Tropical Storm Ida also saw refugees giving back to their new community.

“Mohammed, please help,” said the 74-year-old woman from the Dominican Republic who lived at Oakwood Plaza just below the second-floor apartment of Mohammed Zakkour and his family. The water pressure against the door prevented her from getting out.

Zakkour, a Syrian refugee, called 911, but the emergency services throughout the state were overloaded that night and did not come. So, with the brown water rising as high as his neighbor’s peephole, Zakkour and his 12-year-old son, Zain, along with neighbors, busted down the front door and rescued her.

“She lost everything,” Zain said. “We brought her to our house...She took a shower, she took her medicine, she went to sleep.”

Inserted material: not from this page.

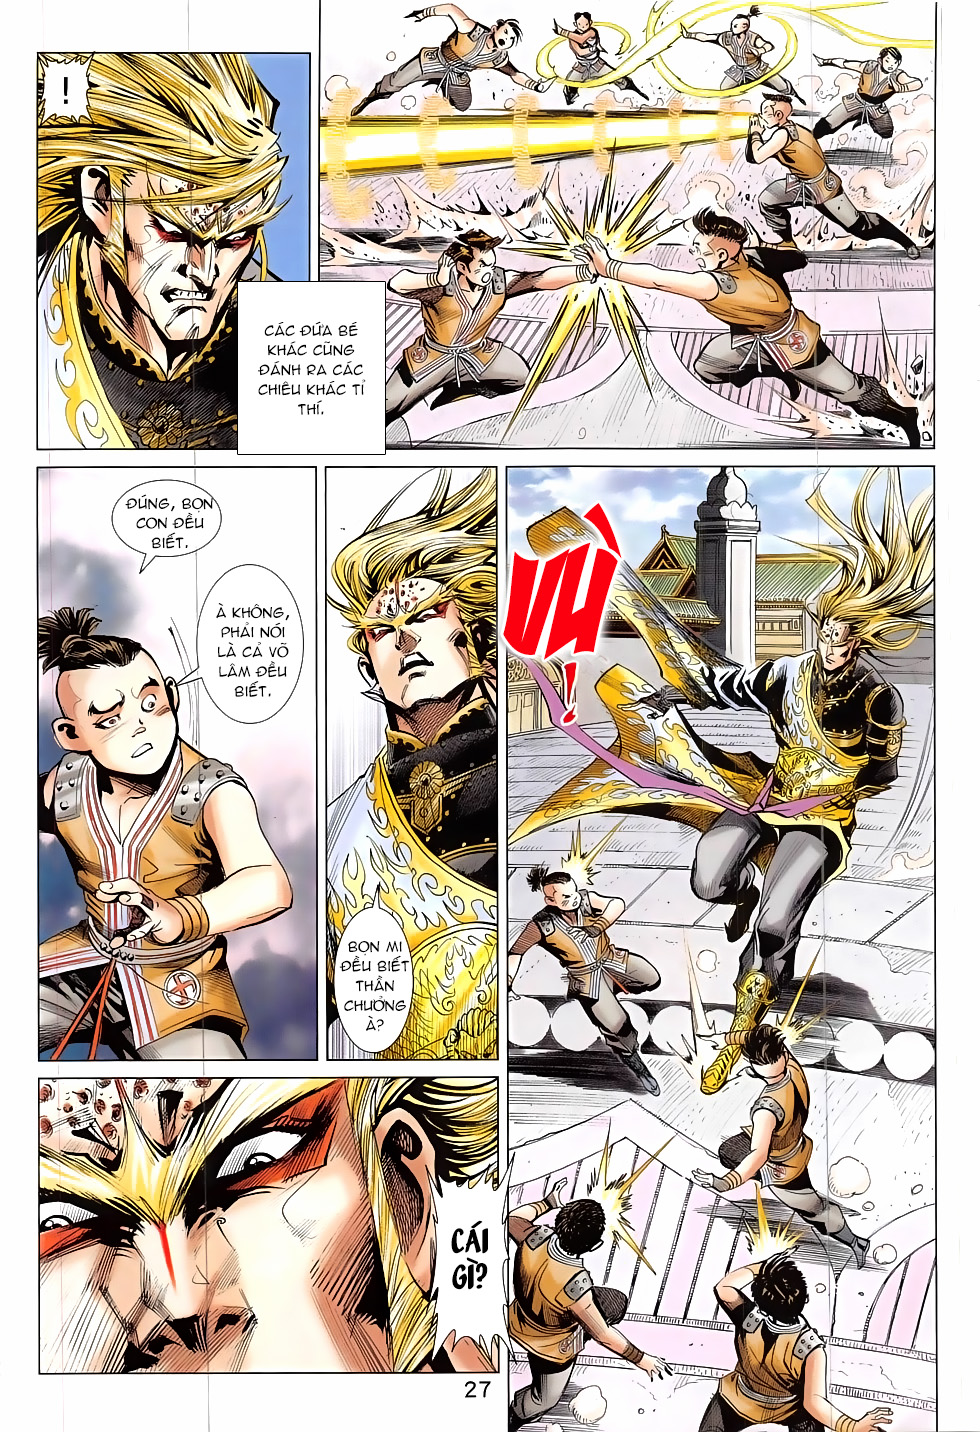 Thần Chưởng chap 24 – End Trang 27 - Mangak.info

At the hotel last week, Zain said he noticed refugees whose cars still work giving rides to others who lost their vehicles. “It’s cool how people that need help are helping other people,” he said. “That’s how I think stuff is gonna start getting...and then the world will be way better.”

The Zakkours fled the civil war in Syria and spent four years in Jordan before winning admission to the United States. They said they have found the kind of community they lost when they left their home.

“When we came we got to know people like [McCaffrey and United Tastes of America co-founder Melina Macall] that actually made us feel like family,” Zain said. “We had people around us to help.”

A spokeswoman for the city of Elizabeth said most residents of the Oakwood Plaza apartments will be able to return once repairs are completed. In the meantime, the displaced families hope to find temporary lodging in Elizabeth so the children can more easily get to school.

There’s little for the children to do at the hotel where they’ve been staying. In between gymnastic moves in her hotel room, Maria Zakkour, 5, gave a hint at how the effects of this displacement will linger.

“I don’t like the rain because the rain comes in our house,” she said. “It breaks the door, too.”

While they have donations of food and meals, without a kitchen the families are mostly eating canned food. At night, they linger in the hotel lobby with other Arabic-speaking refugees, wondering how long they’ll have to wait to be resettled, yet again.